> **Data shown**
§

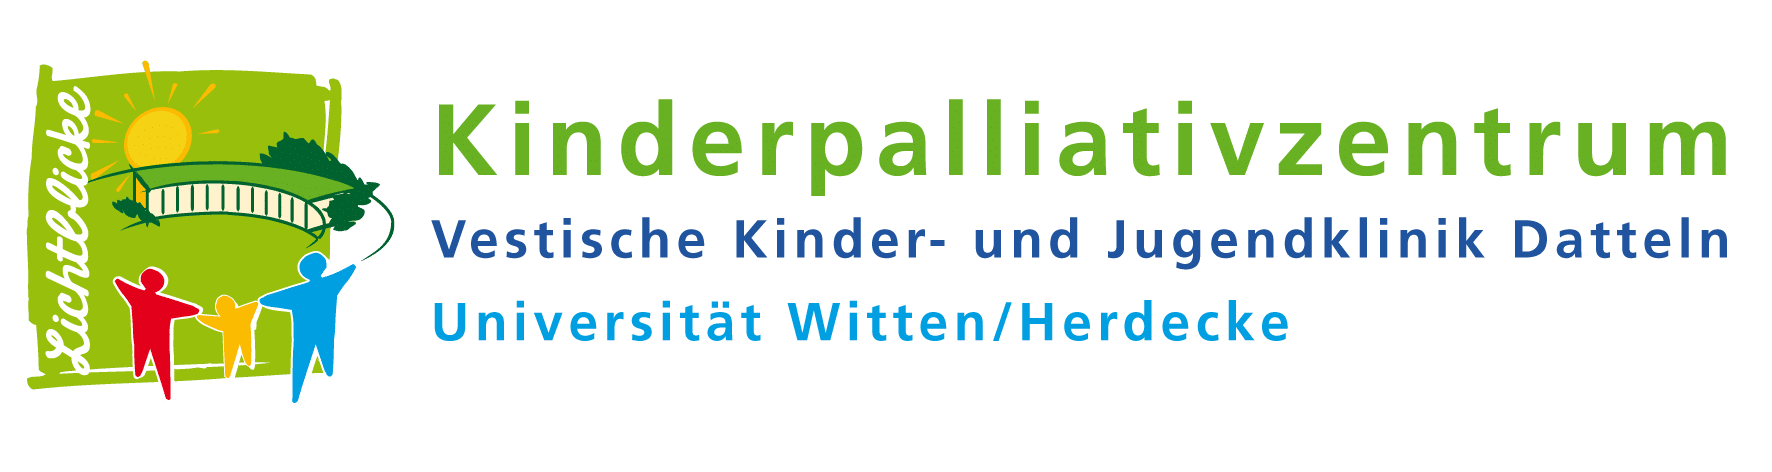 Kinderpalliativzentrum Datteln e.V.
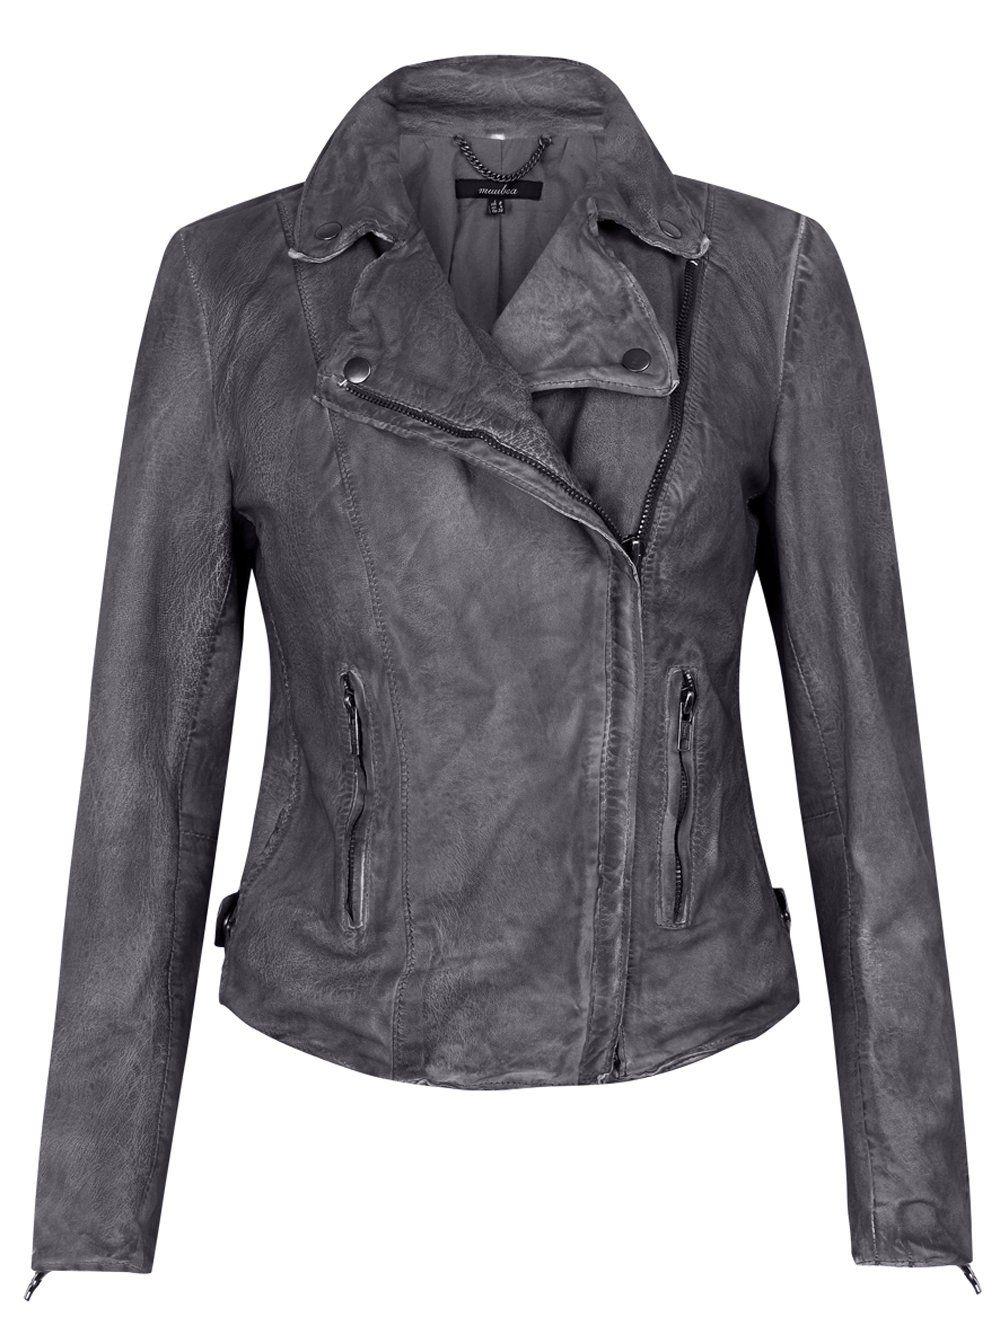 Monteria Leather Biker Jacket In Charcoal Grey Designer Leather Jackets Muubaa Leather Jacket Grey Leather Jacket [ 1334 x 1000 Pixel ]
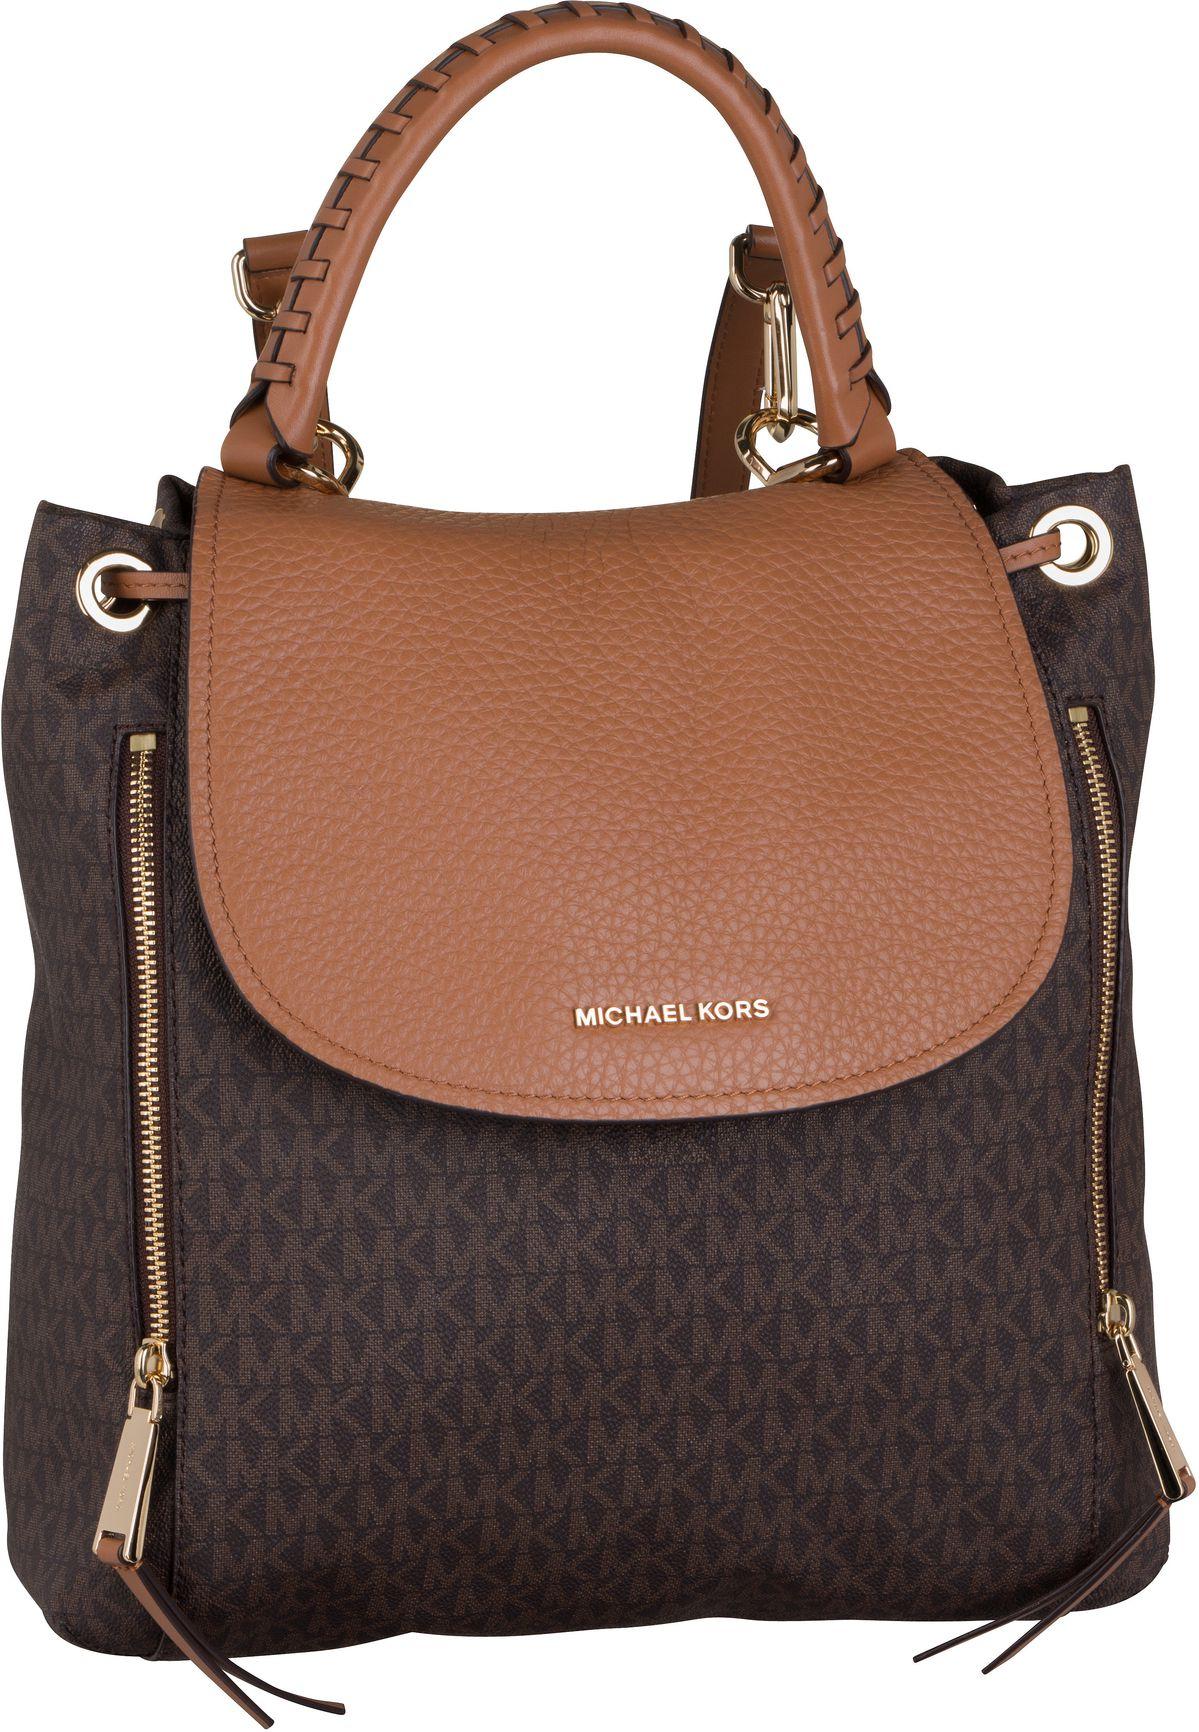 Rucksack / Daypack Viv Large Backpack MK Signature Brown/Acorn

§

Only the pictures are to be dropped; all other material above must be repeated exactly.

 Kinderpalliativzentrum Datteln e.V.
 Monteria Leather Biker Jacket In Charcoal Grey Designer Leather Jackets Muubaa Leather Jacket Grey Leather Jacket [ 1334 x 1000 Pixel ]
 Rucksack / Daypack Viv Large Backpack MK Signature Brown/Acorn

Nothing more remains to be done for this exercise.